Beauty Before Age

09.25.07

The relationship between age and improvement is not linear. This is true of humans, and it’s certainly true of alcoholic beverages. Wines are more fragile than spirits, of course, since they are lower in that awesome preservative, alcohol. But wine is aged for months in wood, whereas spirits can be aged for decades. . . and in rare cases for more than a century.

Last week I tasted an Armagnac made from grapes harvested in 1893. You can’t buy it—there’s none left—and to be honest, unless it’s your birth year, you’re better off saving your money (if that is your birth year, many happy returns and thanks for reading this far). I’m not saying it wasn’t great; it was. Thought-provoking, awe-inspiring, downright ethereal, but it lacked one thing I really like in my booze: hedonism.

That Marcel Trépout 1893 Armagnac has a little brother, however, and it is one of the best things I’ve ever tasted. Marcel Trépout 1925 Armagnac will sell for around $1,000 when it arrives in stores next month. I can feel you getting ready to click to the next post, but before you do, let me just say that I’ve tasted several stratospherically expensive spirits and this is the first one that I would buy if I had more money than I knew what to do with.

I’ve rarely enjoyed single malt Scotches with more than 21 years in wood (I generally find, as I taste through a product line, that the 17-year-old bottling is my favorite). American whiskies are almost never left in the barrel that long (although the few I can recall off the top of my head—Pappy Van Winkle’s Family Reserve 20-year-old Bourbon, Rittenhouse 21-year-old Rye, Sazerac 18-year-old Rye—were awfully good). But Cognacs and Armagnacs last much longer, I assume because they are made from grapes, which have more acidity than grain—though to be honest I haven’t researched the topic.

The stunning thing about the entire line of Trépout Armagnacs was their acidity.
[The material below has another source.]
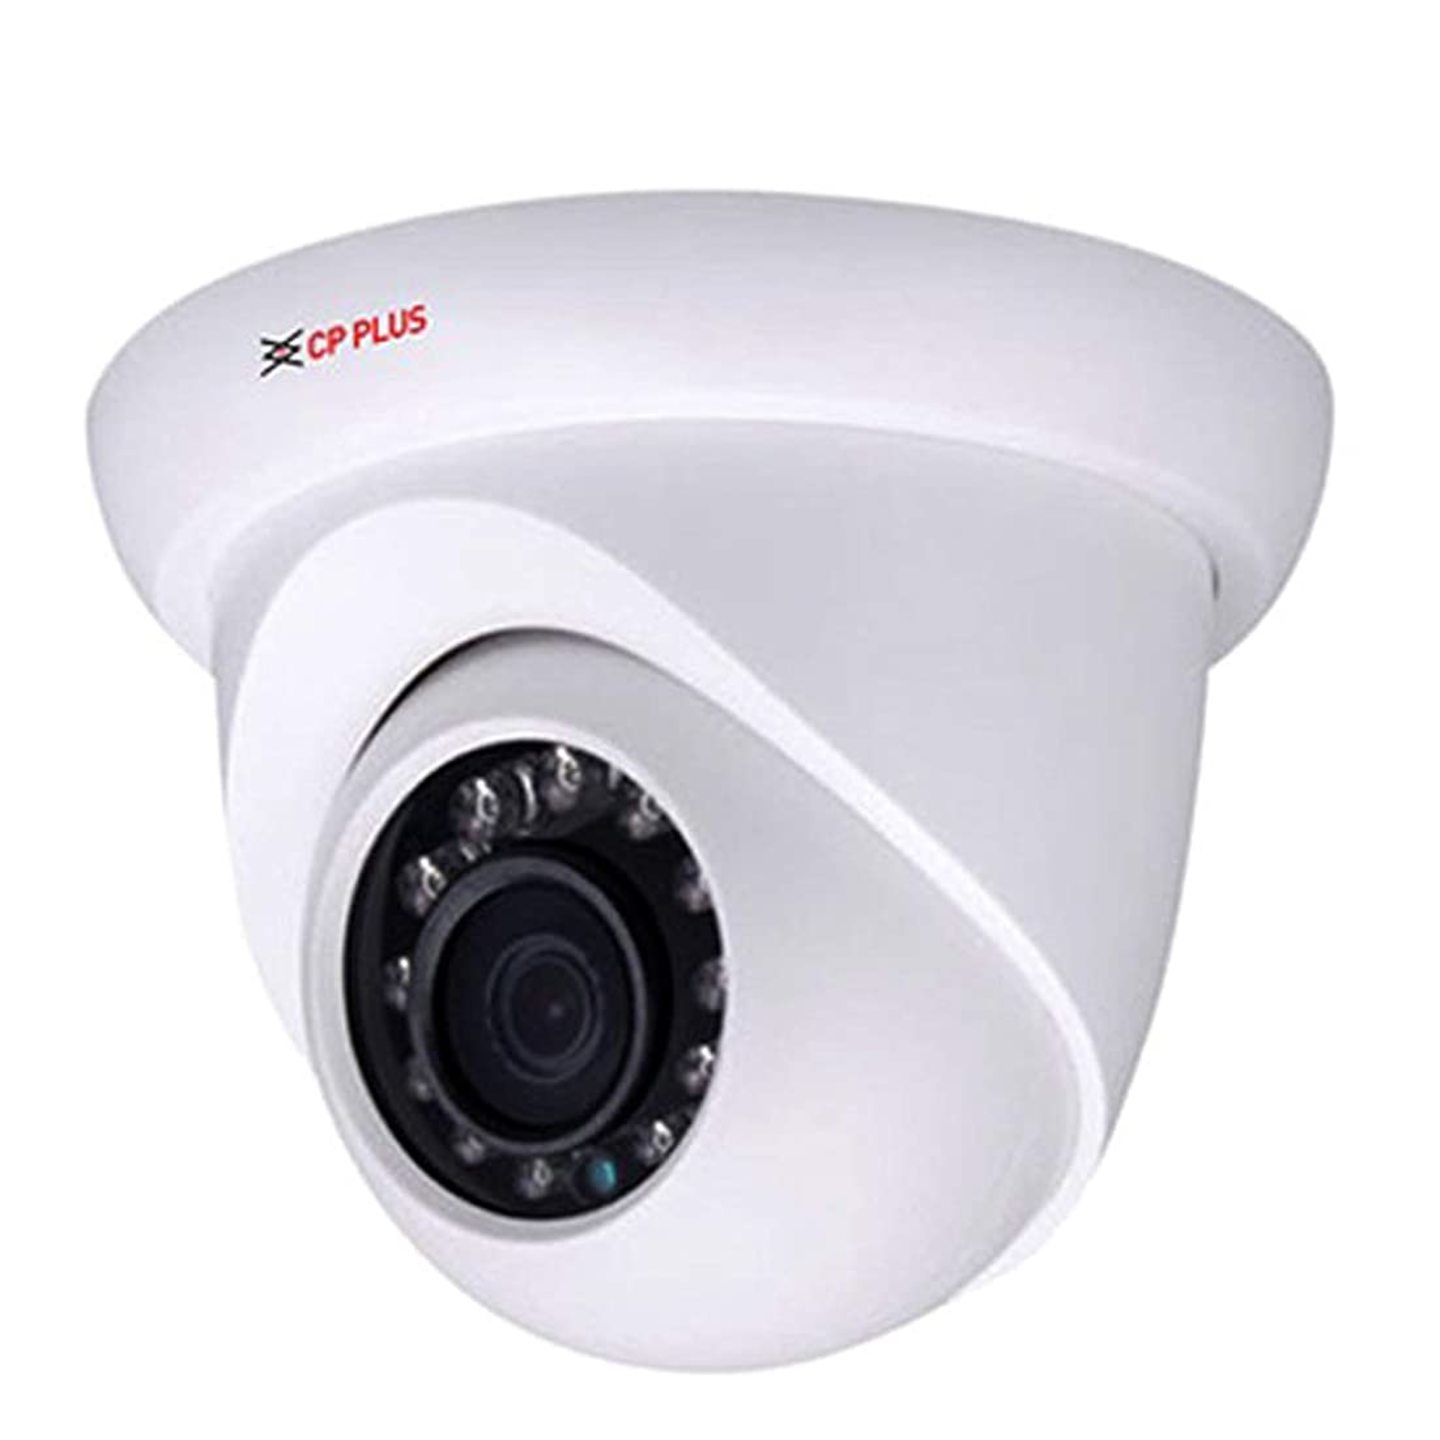 CP PLUS Infrared 1080p FHD 2.4MP Security Camera

This gave them all long and delicious finishes. But what set the 1925 head and shoulders above everything else on the table was its richness and complexity. All around the room people were blurting out associations for the aromas and flavors they were finding; I was blown away by the rich, silky mouthfeel and long, incredible finish.

As soon as the formal tasting was over, a few of us (including Esquire’s David Wondrich and Cigar Aficionado’s Jack Bettridge) casually bolted for one of the three empty place-settings where all 10 brandies had been poured but left untouched. Each of us snagged a single glass. I looked around the room. In front of every chair there were 10 glasses. Glass number 9, in the majority of cases, was the only empty one. We smiled, perhaps a bit smugly, and took another sip.